11. **Final Review Sticky Note:**
- Add sticky note near compilation node describing final outputs: narrative synthesis, evidence tables, PRISMA diagram, forest plots, bibliography, publication-ready document.
12. **Credentials Setup:**
- Configure OpenAI credentials with model access to GPT-4.
- Ensure PDF Vector node credentials or API keys for academic database access are configured.

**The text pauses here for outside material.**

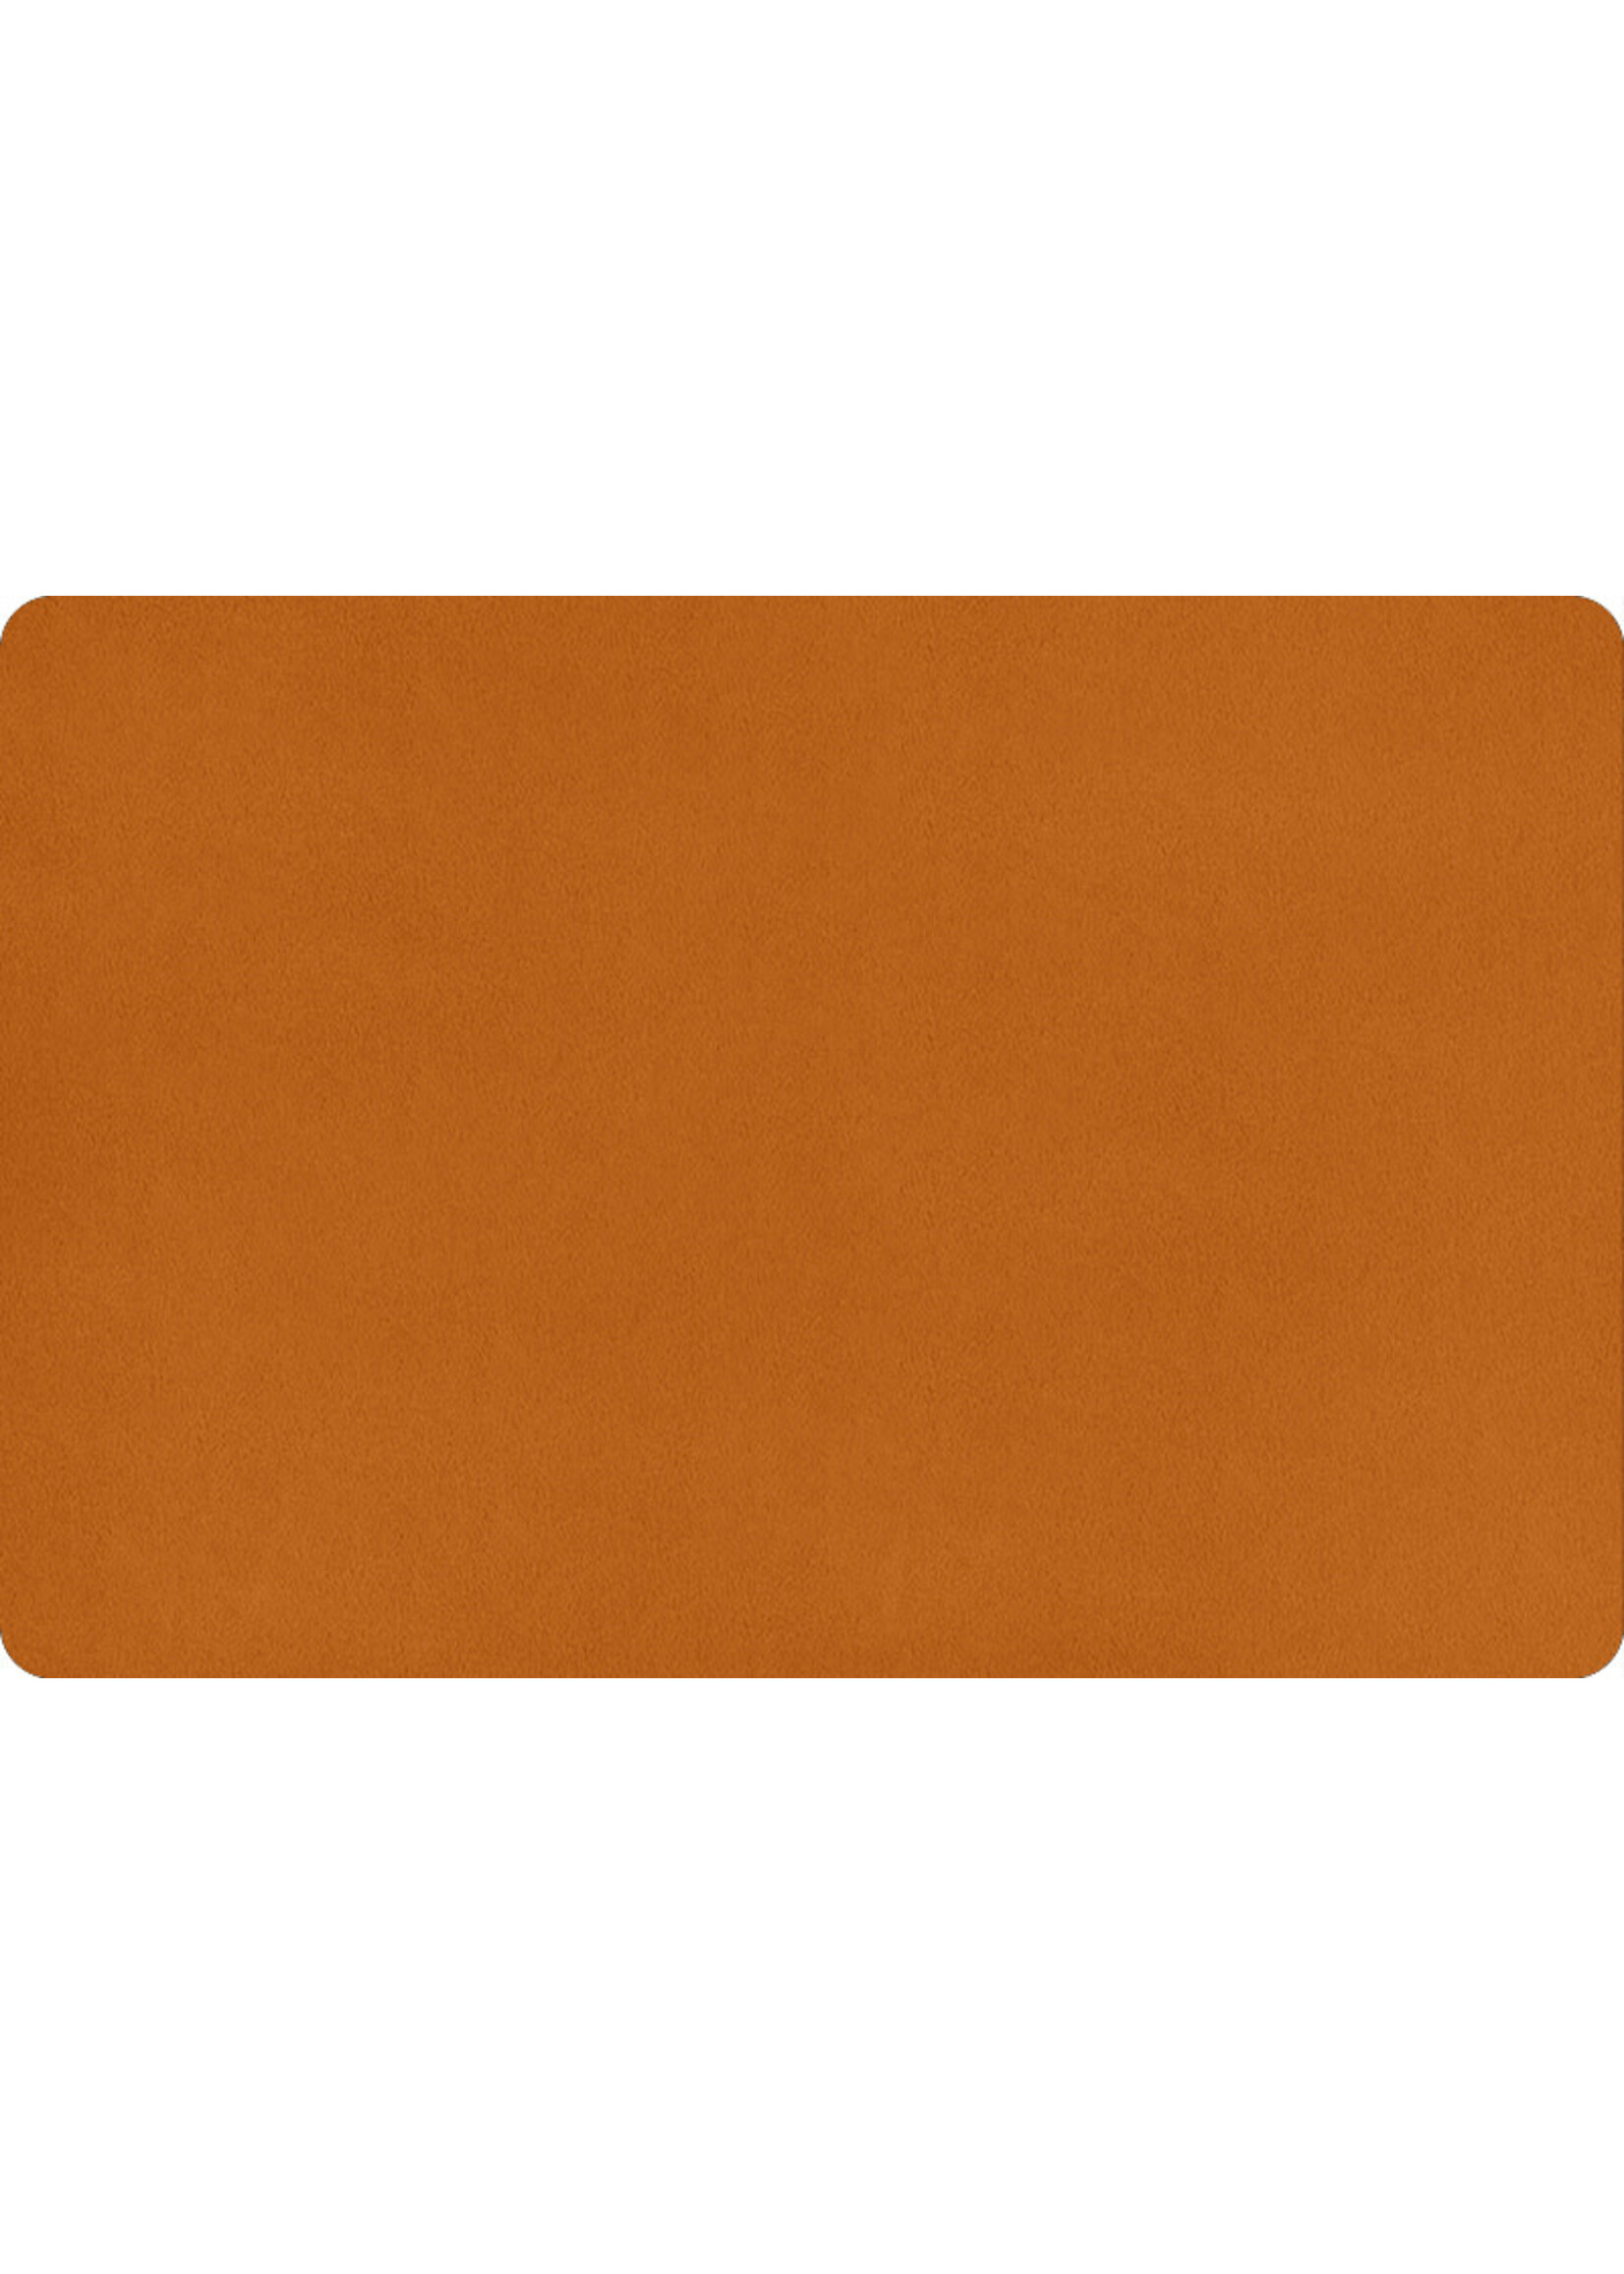 Shannon Fabrics Minky, Extra Wide Solid Cuddle3, 90" Ginger, (by the inch)

- No explicit OAuth nodes shown; ensure access tokens or API keys are valid.
---
### 5. General Notes & Resources
| Note Content | Context or Link |
|----------------------------------------------------------------------------------------------|-------------------------------------------------------|
| Workflow automates systematic literature reviews with multi-database search and GPT-4 analysis. | Overall workflow purpose |
| Uses PDF Vector node for both academic search and PDF content parsing, leveraging LLM where needed. | PDF Vector node documentation: https://docs.pdfvector.com/ (hypothetical) |
| Ranking algorithm balances citations, recency, and keyword relevance for paper selection. | Custom ranking logic embedded in code node |
| Thematic grouping in final compilation is heuristic; consider integrating advanced NLP for production. | Potential enhancement area |
| Final output includes PRISMA-compliant elements, evidence tables, and bibliographic formatting. | Supports publication-ready systematic reviews |
---
This documentation fully describes the workflow's architecture, node configurations, data flows, and logic, enabling accurate reproduction or modification by users or AI agents.